Layron continued asking questions.....
Layron swallowed. "You said you only live for a year… Why? You're supposed to be so powerful — you're smarter, faster, sharper than anything I've ever seen. Why only a year?"
Falkren's talons flexed against the stone, scraping lightly across the surface. [[You just answered your own question.]]
Layron frowned. "What?"
[[We're more powerful in every way. Flight, sight, reflexes, even our minds process faster than yours. You've seen it.]] Falkren's wings fluttered slightly, like shaking off invisible weight. [[But power comes at a cost. Our bodies can't sustain it forever.]]
Shion's hands paused for a fraction of a second before resuming their work.

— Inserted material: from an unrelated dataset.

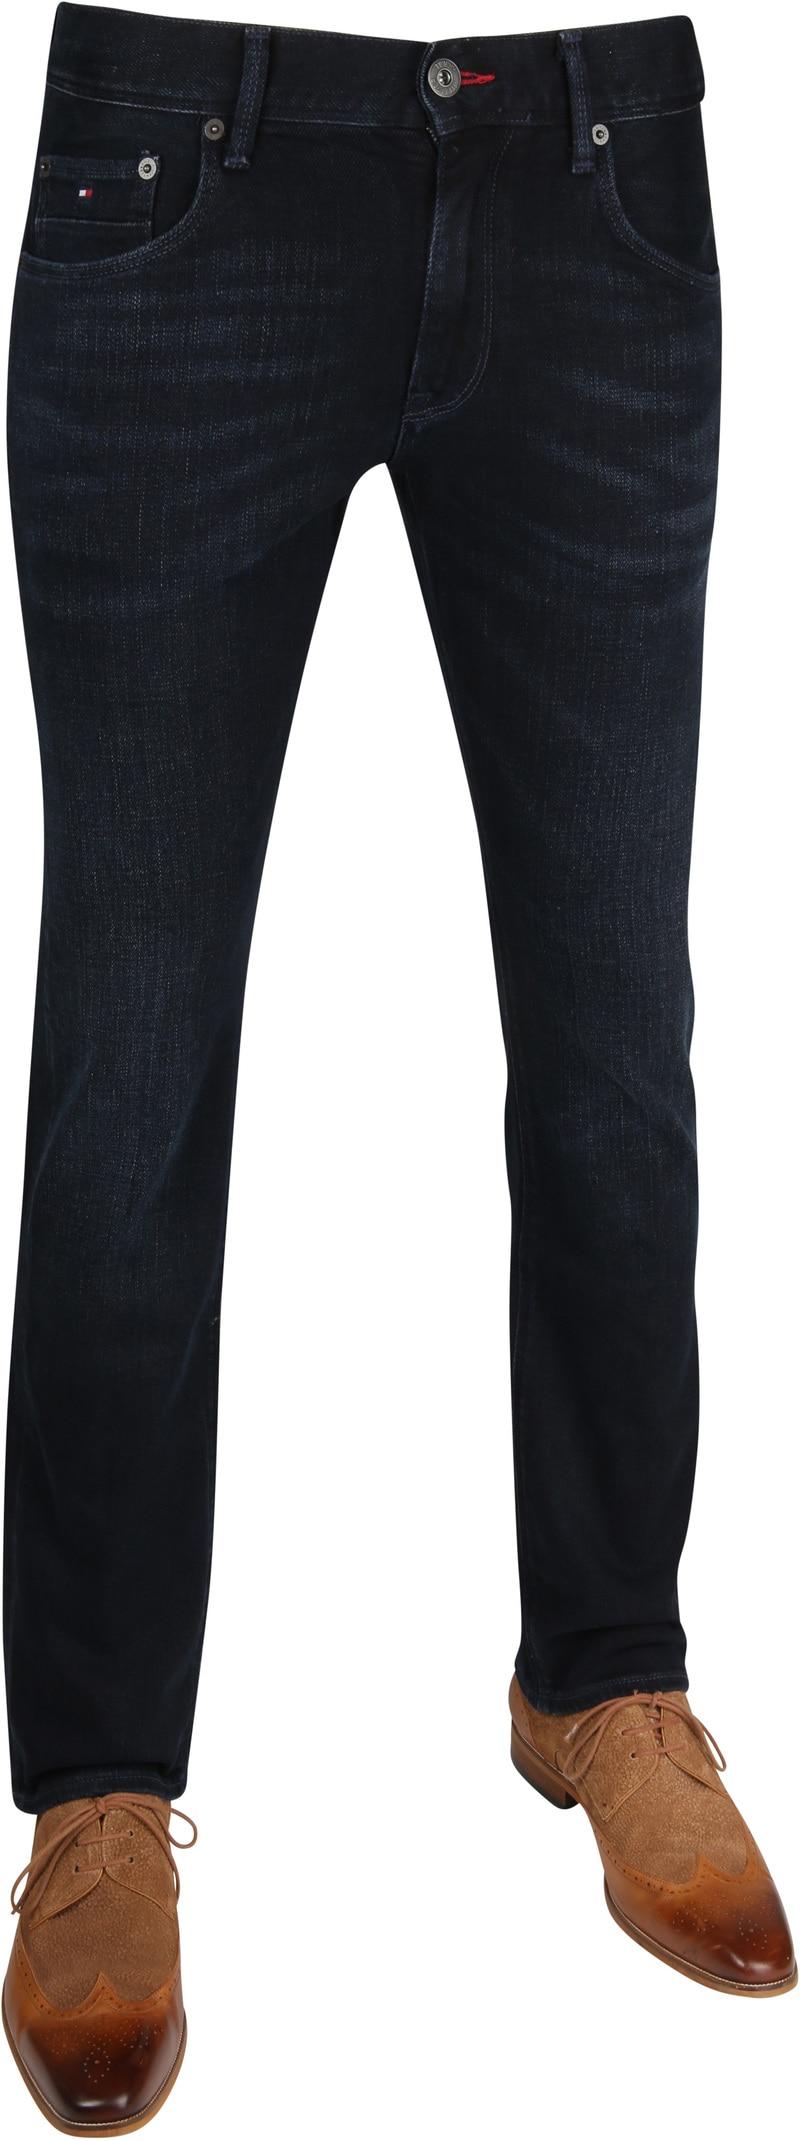 Tommy Hilfiger Core Denton Jeans Navy foto 0

Layron's brow furrowed. "So you just… burn out?"
[[We don't age the way you do, boy. We don't wither. We overload. Every flight, every shift, every transformation strains us until the body can't keep up. By the time we reach our first year, our internal systems—flesh, bone, even the things you can't see—begin to collapse.]]
Layron felt a cold weight settle in his chest. "So that's why you die every year?"

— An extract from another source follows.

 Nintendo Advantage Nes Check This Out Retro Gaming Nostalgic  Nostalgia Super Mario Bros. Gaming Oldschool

Falkren's mechanical eye whirred, adjusting slightly.
[[We don't die. We change.]]
Layron shivered.
[[The moment we collapse, the Veilwind calls us. Our final breath carries not just who we were, but all we've ever been — every flight, every battle, every word we've spoken. That memory becomes the foundation for the next falcon.]]
Layron's jaw tightened. "So every time you're born, you remember everything?"
Falkren's beak curved into something almost like a smile.
[[Every death. Every fight. Every failure. Every moment from the first falcon to me — I carry it all.]]
Layron couldn't breathe for a moment.
"Humans don't remember anything from past lives," Layron said quietly. "But you—"
[[We remember it all. Because we are not born anew. We are born as one.]]
Layron's throat was dry. "So… you're not just you."
[[I am me. And I am the thousands who came before me.]]
Shion exhaled softly through his nose, like someone hearing a familiar story — one they respected but didn't envy.
Layron shook his head slowly. "That's insane."
Falkren's voice lowered slightly, losing some of its usual edge. [[You see it as a burden. I see it as duty.]]
Layron's heart clenched. "Duty to what?"
Falkren's head turned fully, both his organic eye and mechanical eye locking onto Layron like twin blades.
[[To you.]]
Layron's breath caught in his throat. "What?"
[[From the moment you were born, the Veilwind knew you'd need me. Everything I've been, everything I will be—it's all for you.]]
Layron stared, stunned. "Why?"
[[Because you are the crack in the seal. And I am the falcon meant to guard the crack until the very end.]]
Layron's head spun.
Everything — Falkren's impossible speed, his phantom form, even his unnerving gaze — all of it existed for him. Not because Falkren wanted to, but because he was made to.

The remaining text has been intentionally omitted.